The proportion of homeownership among young adults has fallen from a third to a quarter over the past half-century. But the idea that today’s millennials are allergic to deeds and mortgages is a myth, says a report based on a survey of more than 1,000 Americans aged 18-29 by the Demand Institute, a nonprofit jointly operated by the Conference Board and Nielsen (NLSN).
“Like most myths, there is some truth here—but only some,” says the report’s introduction. The true part is that millennials are financially squeezed because of “graduating into a weak job market with growing student loan debt,” Jeremy Burbank, a Demand Institute vice president, said in a statement. The false part, the report says, is that millennials don’t want to own their homes.
“Attitudinally, they seem very much in line with what we see with older adults,” Louise Keely, president of the Demand Institute, tells me in a pre-release interview. “The will is there, but when they’re going to achieve it—and how—is the biggest open question.”

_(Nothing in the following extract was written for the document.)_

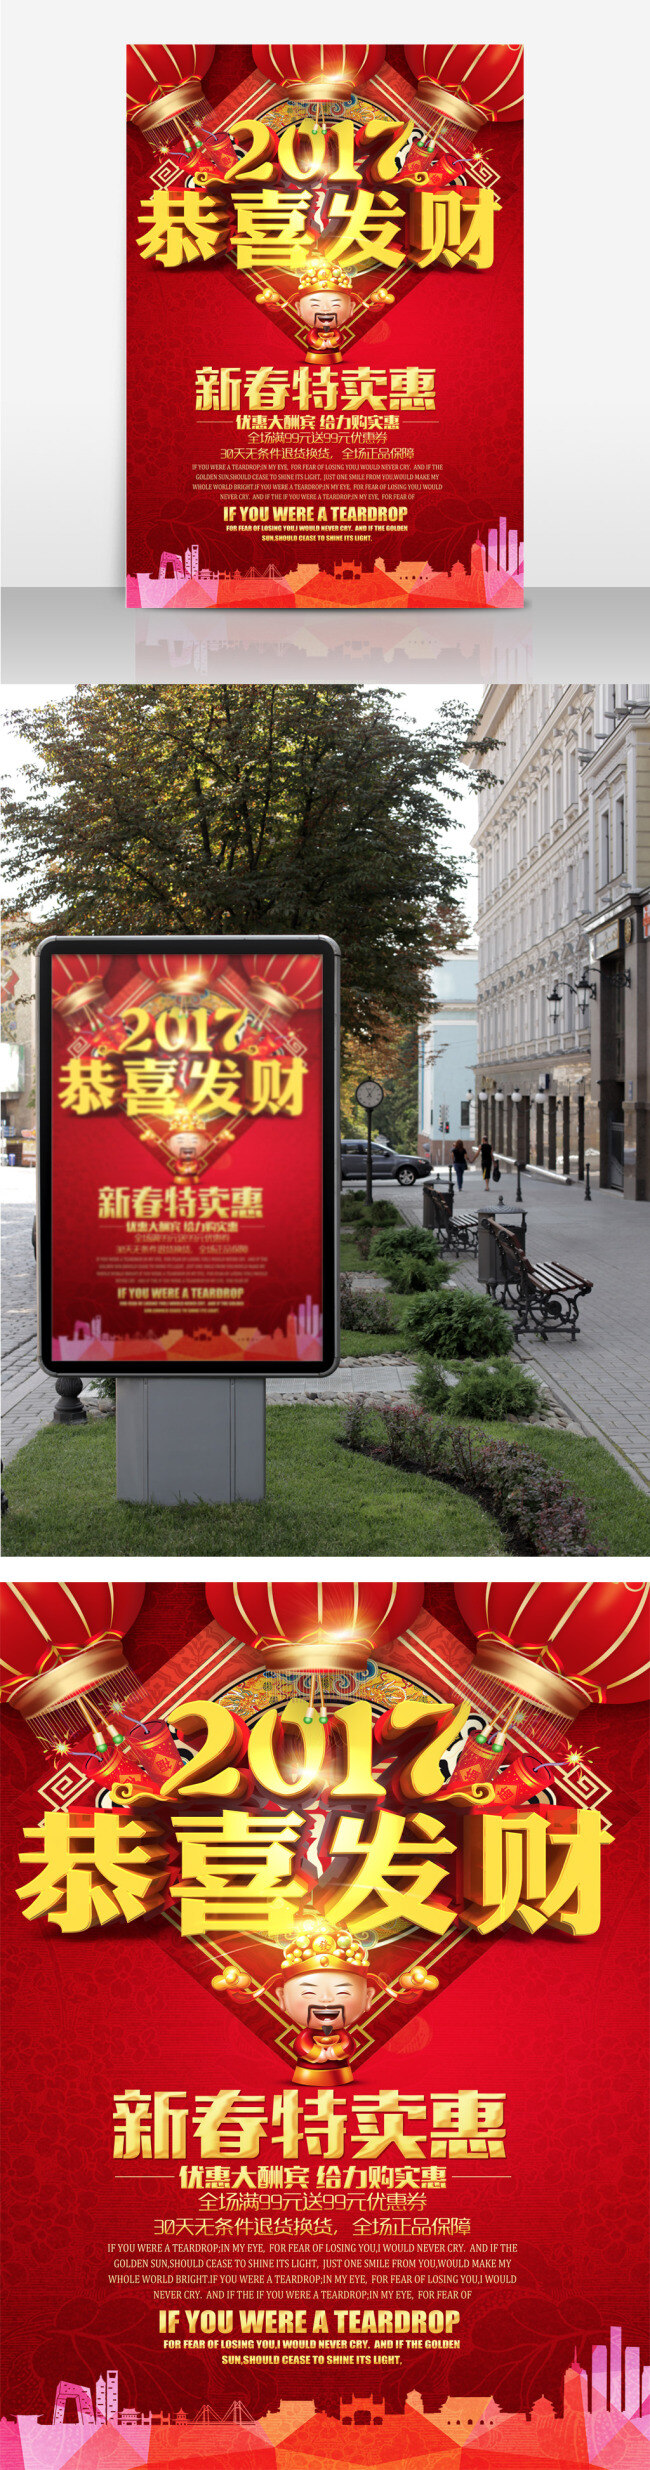 2017 2017鸡年 恭喜发财 喜庆 红色 促销 海报 展板 鸡年 鸡年促销海报

Sixty percent of those surveyed said they would eventually own a home and 24 percent said they already do. Only 16 percent said they won’t own a home. Three-quarters believe homeownership is an important long-term goal, and 73 percent believe it’s an excellent investment. “Based on stated aspirations, there is no indication that this generation will be any less likely than previous generations to own their homes,” the report says.
Of the three-quarters who said they planned to move in the next five years, 71 percent said they were doing so for a better home or apartment, 59 percent for more privacy or space, 50 percent to establish their own households, and 48 percent to own, not rent. (Some cited multiple reasons.)
Although marriage rates have been falling, single millennials still think they’ll get hitched. While only 30 percent of those surveyed said they were married, 64 percent said they expected to be married in five years. And while only 36 percent of those surveyed had children, 55 percent expected to have children in five years.
Student loan debt is associated with lower homeownership rates. Among college grads aged 30-34, 67 percent of those with no student loan debt own homes, vs. only 51 percent of those carrying student loan debt.